Archives Discussions

I have one piece of compute shader code, like this:

uint g_maxNumber = 1000;

groupshared uint g_global index = 0;

struct TestInfo

{

m_offset;

m_value;

};

StructuredBuffer <TestInfo> testBuffer : register(t0)

[numThreads(128, 1, 1)]

void function_a ()

{

uint currentIdx;

InterlockedAdd(g_globalIndex, 1, currentIdx);

// GroupMemoryBarrierWithGroupSync():

TestInfo curInfo = testBuffer[currentIdx];

[loop]

while (currentIdx < g_maxNumber)

{

.....

InterlockedAdd(g_globalIndex, 1, currentIdx);

}

}

this piece of code doesn't get the correct "currentIdx" value, but it works fine when I add groupmemorybarrier after inerlockedAdd.

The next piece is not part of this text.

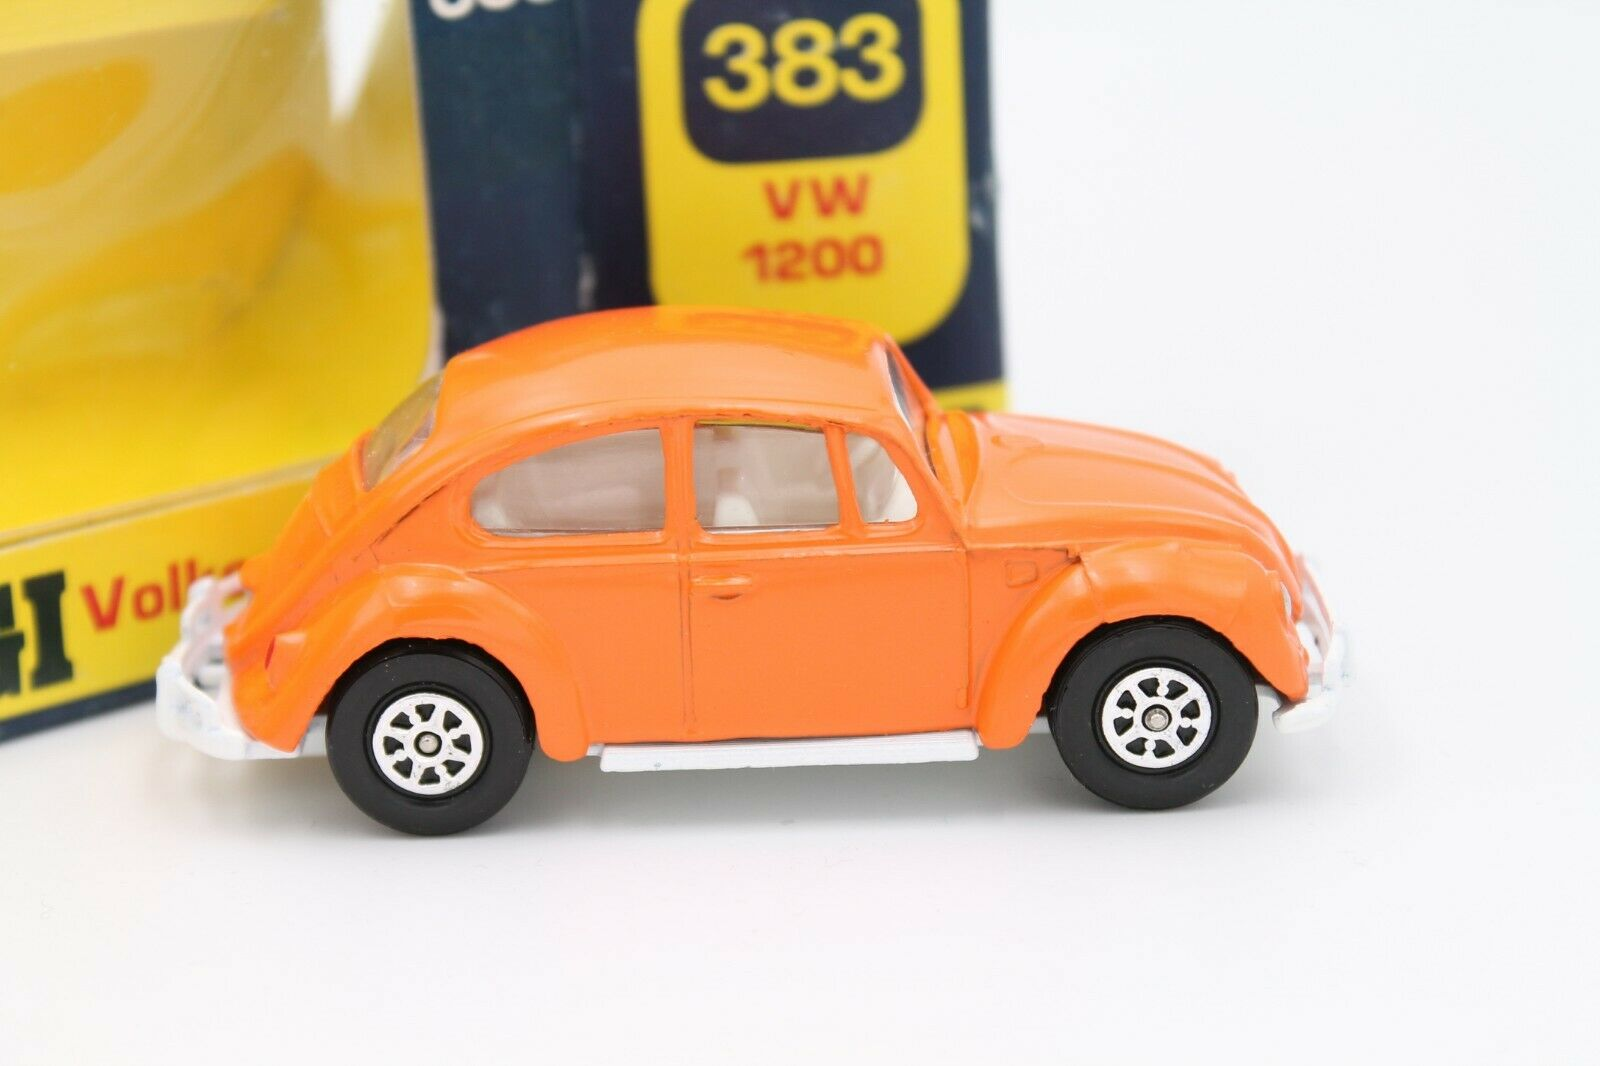 CORGI TOYS  Volkswagen (VW) 1200 MAGGIOLINO  arancia  1 43  OVP  TOP
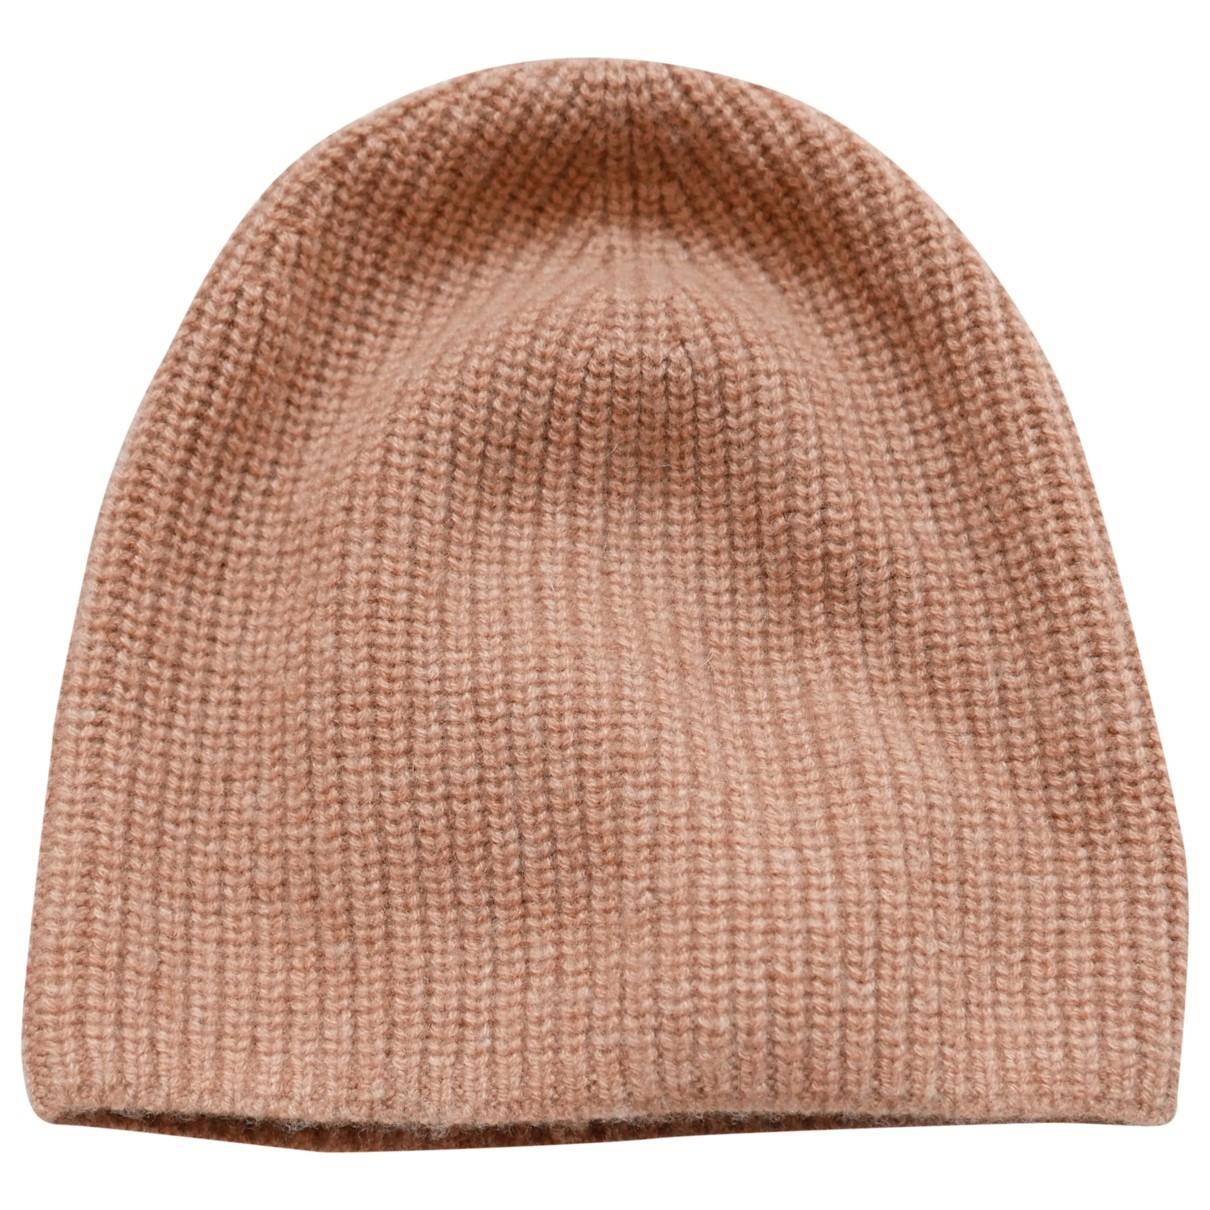 J.crew \N Beige Cashmere hat for Women M International

Add barrier will force all thread sync, that will slow down the whole process. Is a bug with amd card or something I am missing?

this piece of code works fine for nvidia gtx570 card, the amd card I have is 7970.

1 Reply

Sorry for the tardy reply. Thank you for reporting this issue. I've forwarded this thread to a member of the AMD support team.

I'll let you know what I hear from them.

Cheers!

Kristen